We are close to where the destination is on rates
"One reason labor demand and supply is getting into better balance is the strong rebound in immigration."
"There may be a bit more tightening in the pipeline from banking stress than there would be otherwise."
"We are close to where the destination is on rates."
"It makes sense to move at a careful pace."
"We don't want to overdo it."
We have not seen much progress in services inflation
"Headline inflation has come down, but that's largely from energy and food prices not principally a function of monetary policy."
"We are seeing progress in supply chains."
"We have not seen much progress in services inflation."
"We still have a long way to go."
"I dont think monetary policy is becoming less effective."
"There's no consensus agreement on how long it takes monetary policy to affect economy, but a year and change is not a bad way to look at it."
"We have identified banks that have a higher concetration of commercial real estate, working with them."
Will be appropriate to raise rates again this year, perhaps two more times
"FOMC broadly feels it will be appropriate to raise rates again this year and perhaps two more times."
"We kept rates on hold to give ourselves more time to make decisions."
"A strong majority of the committee feels there is a little further to go with rate hikes."
"It would be perfect, but no guarantee, that labor market can get into better balance without unemployment rising."
"There's a clear need to strengthen supervision and regulation for banks of SVB's size."
These are the main takeaways from Powell's Q&A session on Wednesday in the US House:
We don't see rate cuts any time soon
"We don't see a lot of evidence of additional credit tightening on top of what had been seeing, but keeping our eyes out for that."
"As we get closer to our destination we have slowed down, to avoid the mistake of going too far."
"People on committee overwhelmingly believe one or two more rate hikes will be appropriate."
"Housing activity has kind of hit a bottom now."
"Strength in housing now is new buyers; market seems to be improving."
"If economy performs as expected, 2/3 of committee think it will be appropriate to raise rates twice more this year."
"We think we are within a couple of rate hikes of the level we need to be."

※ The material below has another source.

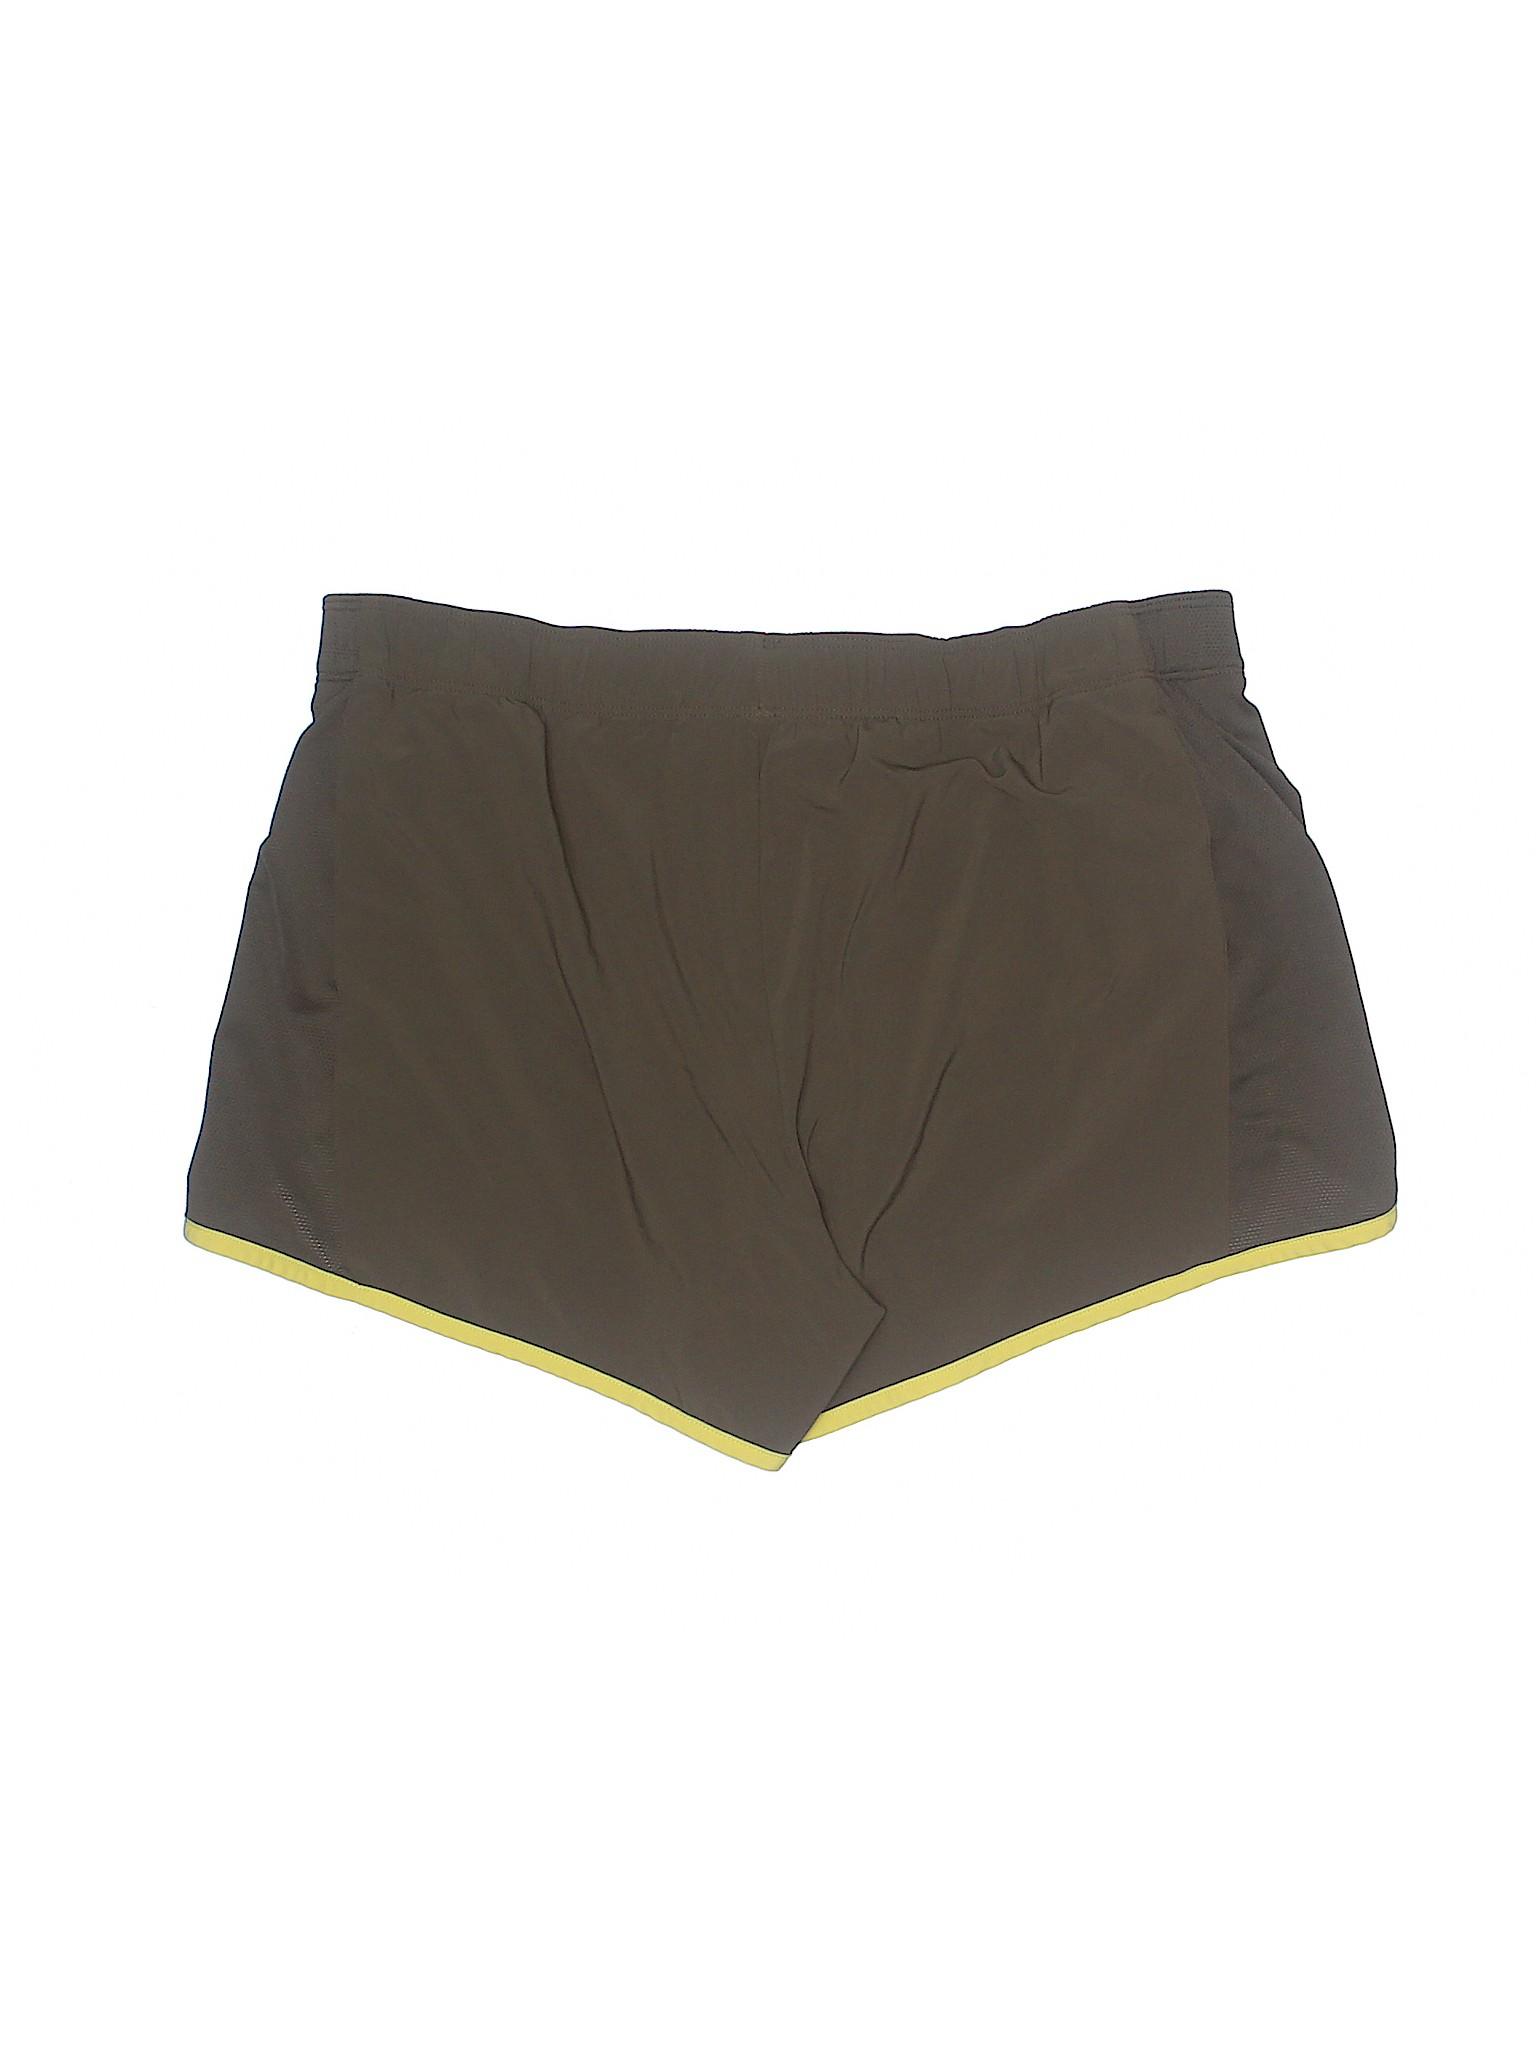 Gap Shorts Boutique Body Athletic leisure HnXFqX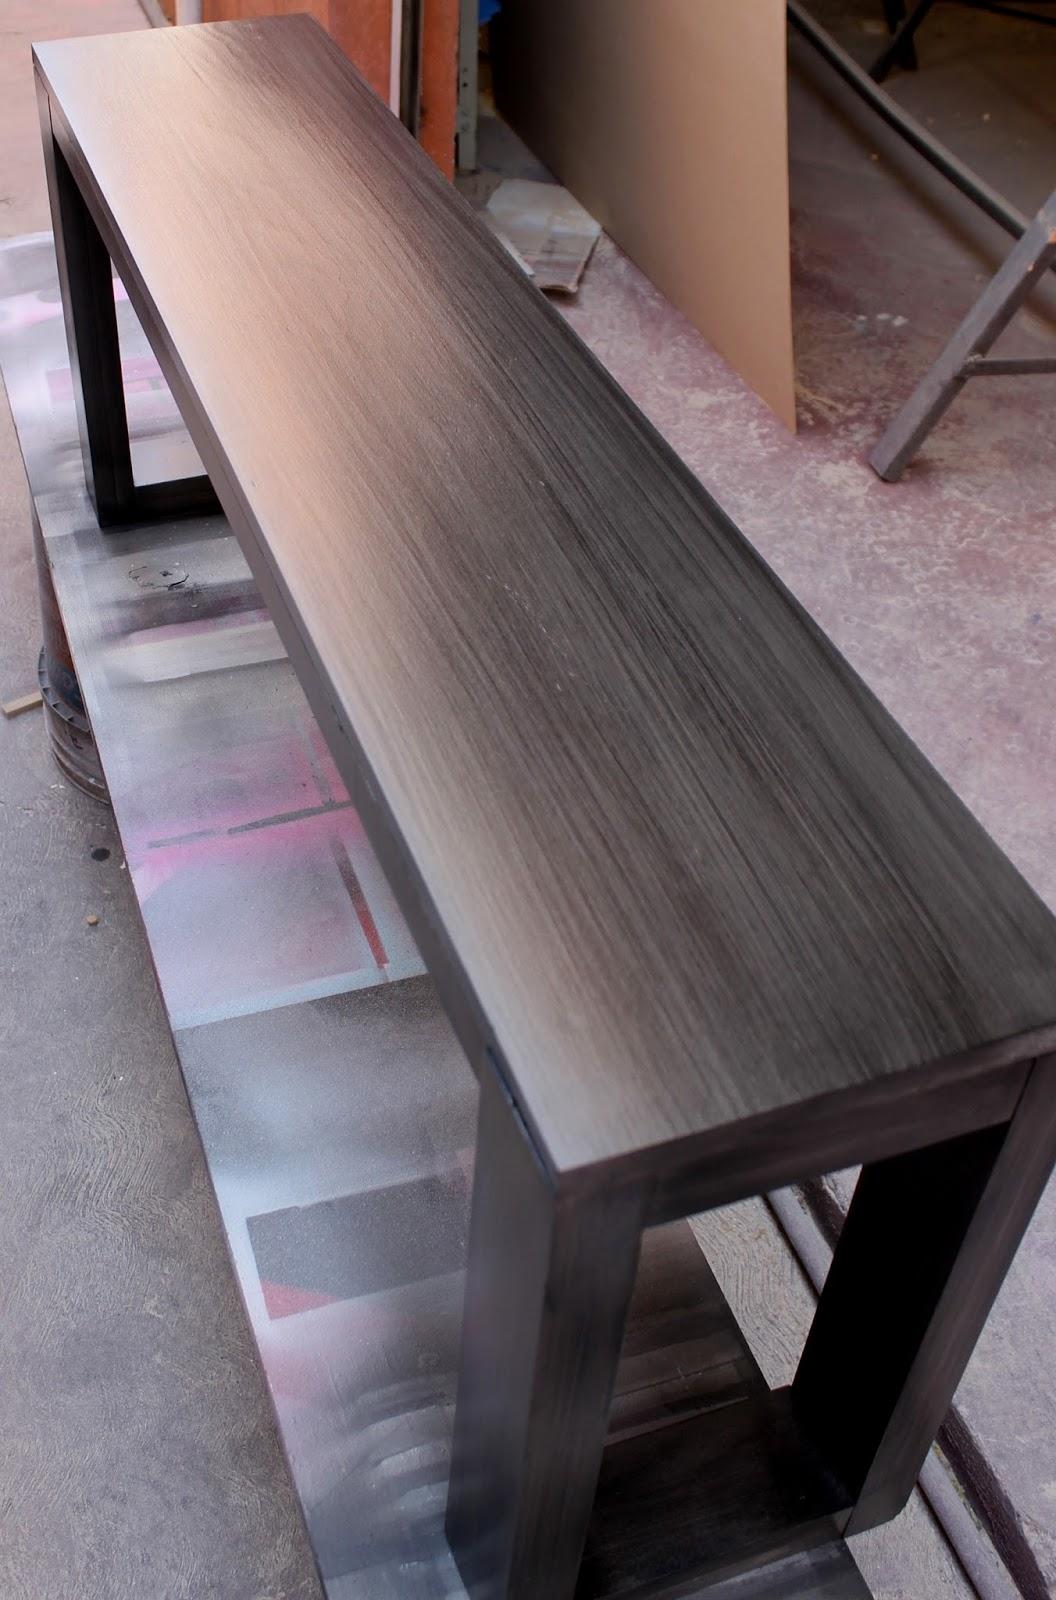 Bancos de madera para comedor affordable full size of sillas de madera para comedor precios mil - Bancas de madera para comedor ...

"We want to be confident inflation will continue to move down."
"We don't see rate cuts any time soon."
"Test for any rate cut is confidence that inflation is moving down."
"Fed projections at the median has some rate cuts next year, but will depend on the economy."
"Inflation has proven more persistent than expected."
"Rate cuts will have to wait until confident inflation moving down to 2%."
While raising rates can be painful, it slows demand
"This economy is very strong."
"A very strong labor market is driving the economy."
"Inflation is moving down gradually."
"The thing that troubles people is really inflation."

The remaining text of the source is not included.